8.1 - 8.2: Introduction, Sampling Distribution of the
Sample Mean
Case 1: Normal Population with $\sigma$ known
1. A simple random sample of size $n = 8$ is taken from a population with mean 40 and
variance 12. The population distribution is assumed to be Normal. Let $\bar{X}$ be the
mean of the sample. Answer the following questions.
(a) What is the distribution of $\bar{X}$?

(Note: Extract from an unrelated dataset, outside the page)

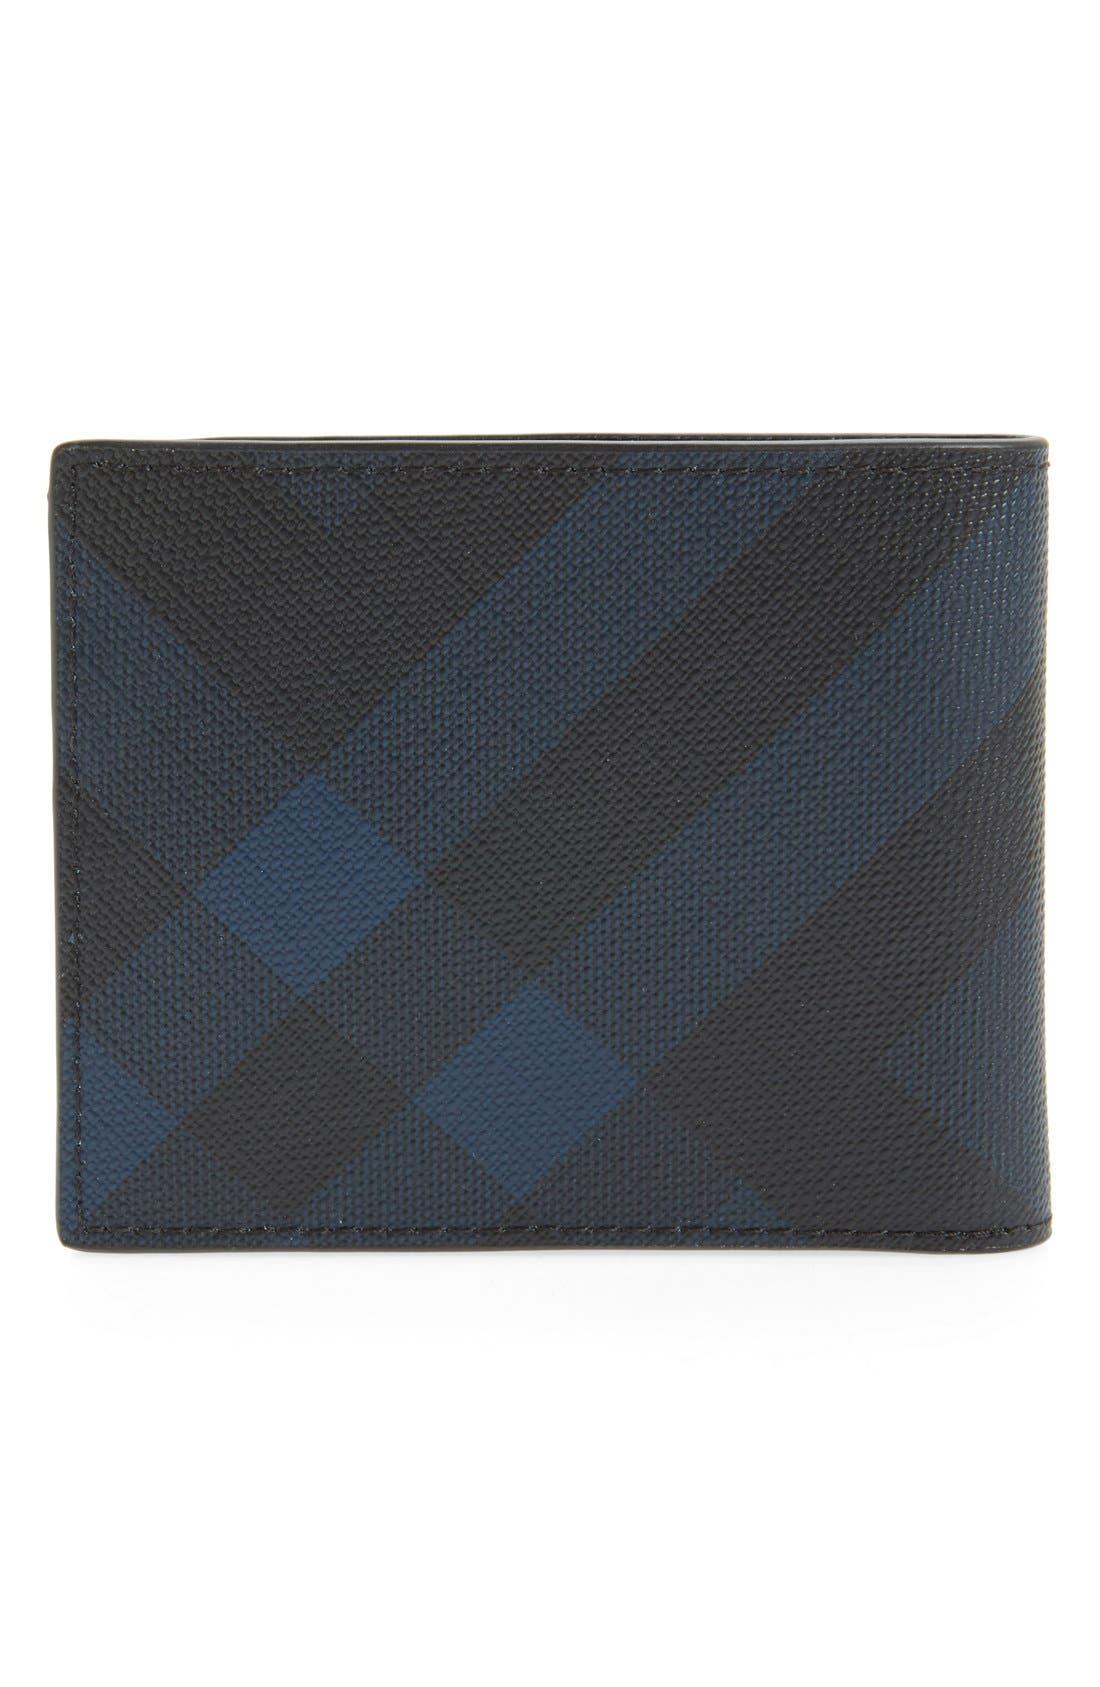 Check Wallet,                             Alternate thumbnail 2, color,                             NAVY/ BLACK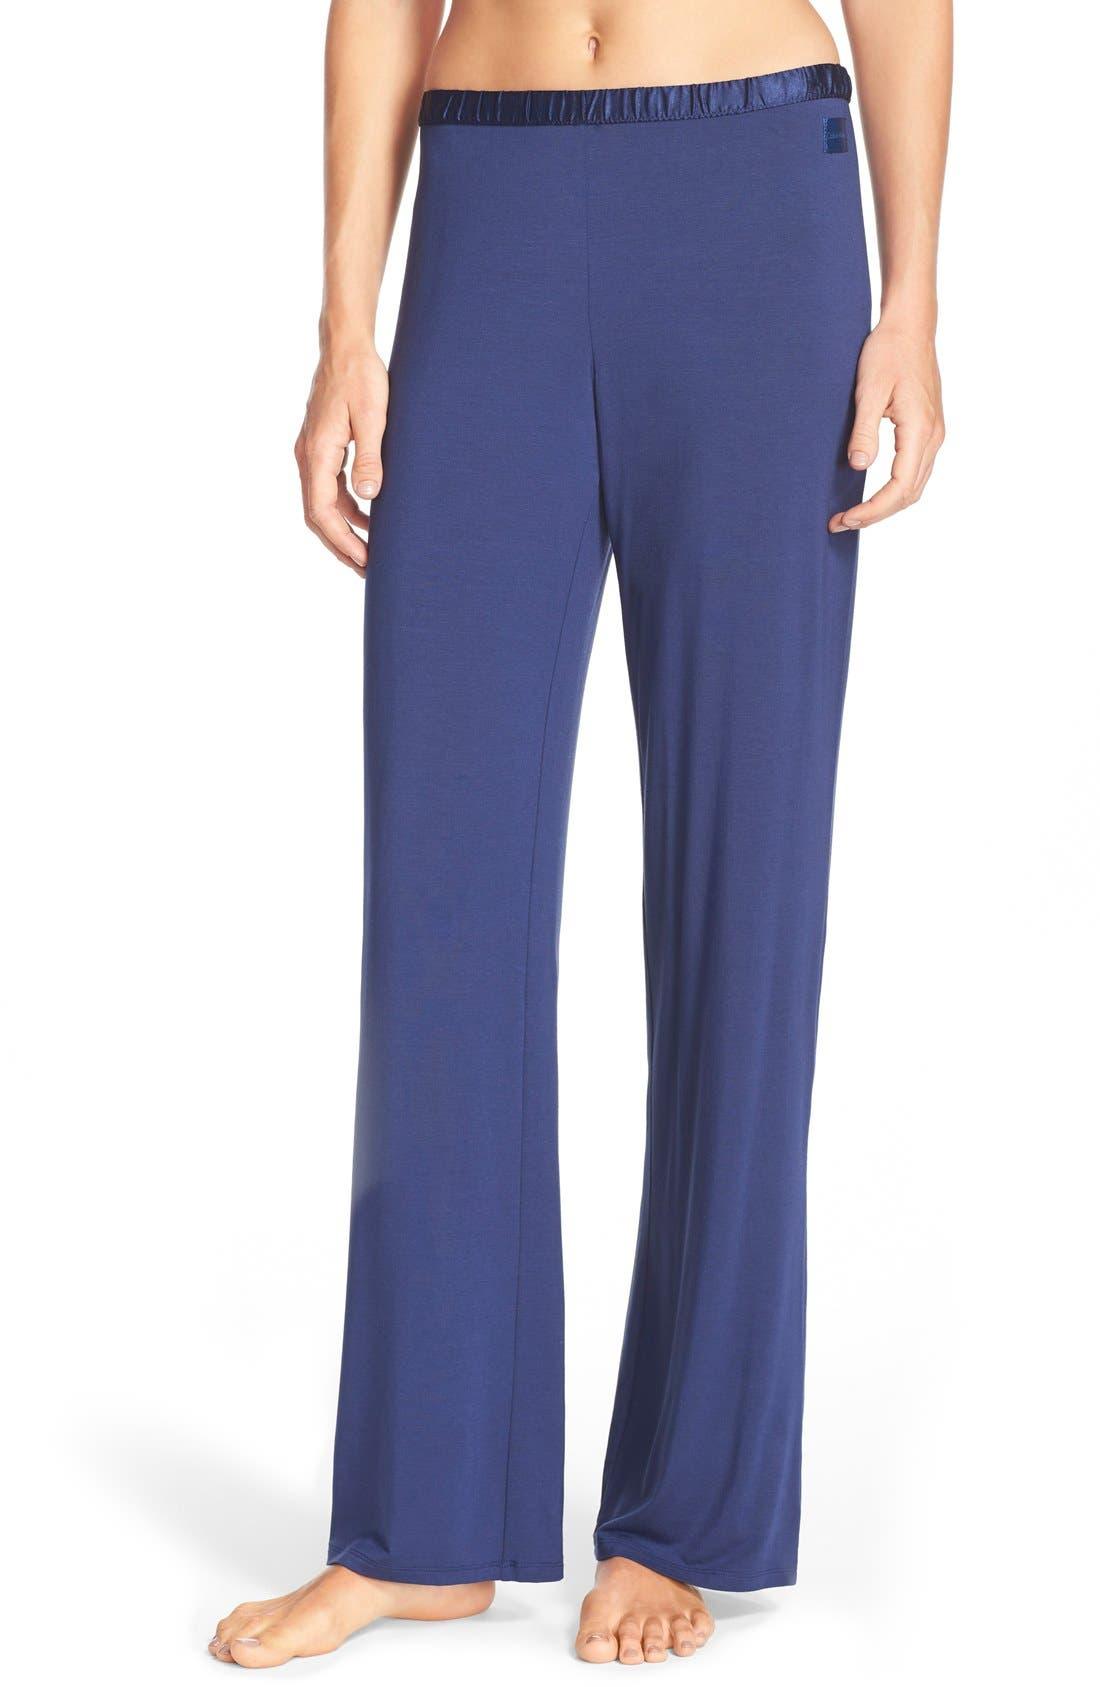 Alternate Image 1 Selected - Calvin Klein 'Essentials' Satin Waist Pajama Pants

(b) Find $P(\bar{X} > 42)$.
(c) Suppose you need to choose a sample of size $n$ such that $P(\bar{X} > 42) < 0.025$.
What is the minimum $n$ required to achieve this?
Solution:
(a) $\bar{X} \sim N(40, \frac{12}{8}) = N(40, 1.5)$.

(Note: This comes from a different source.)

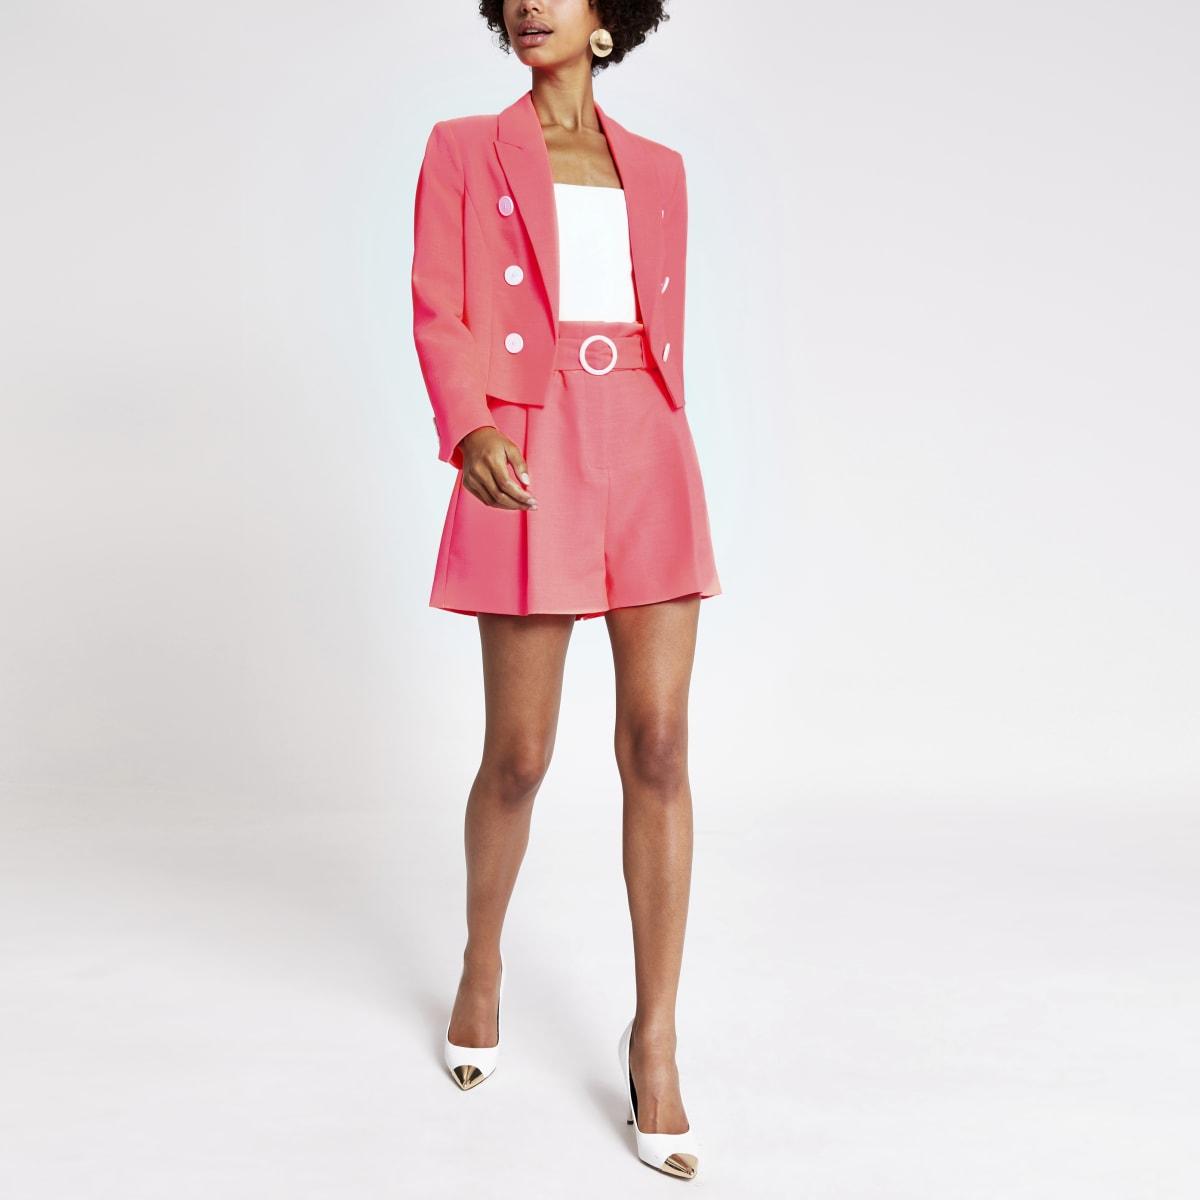 Neon pink cropped blazer

(b) $P(\bar{X} > 42) = P(Z > \frac{42 - 40}{\sqrt{1.5}}) = P(Z > 1.63) = 0.052$.
(c) $P(\bar{X} > 42) = P(Z > \frac{42 - 40}{\sqrt{12/\sqrt{n}}}) = 0.025$, implies, using $z_{0.025} = 1.96$, that
$\frac{42 - 40}{\sqrt{12/n}} = 1.96$. Solving for $n$ from this equation we get $n = 11.52$. Hence we
need at least a sample size of 12 to achieve the requirement.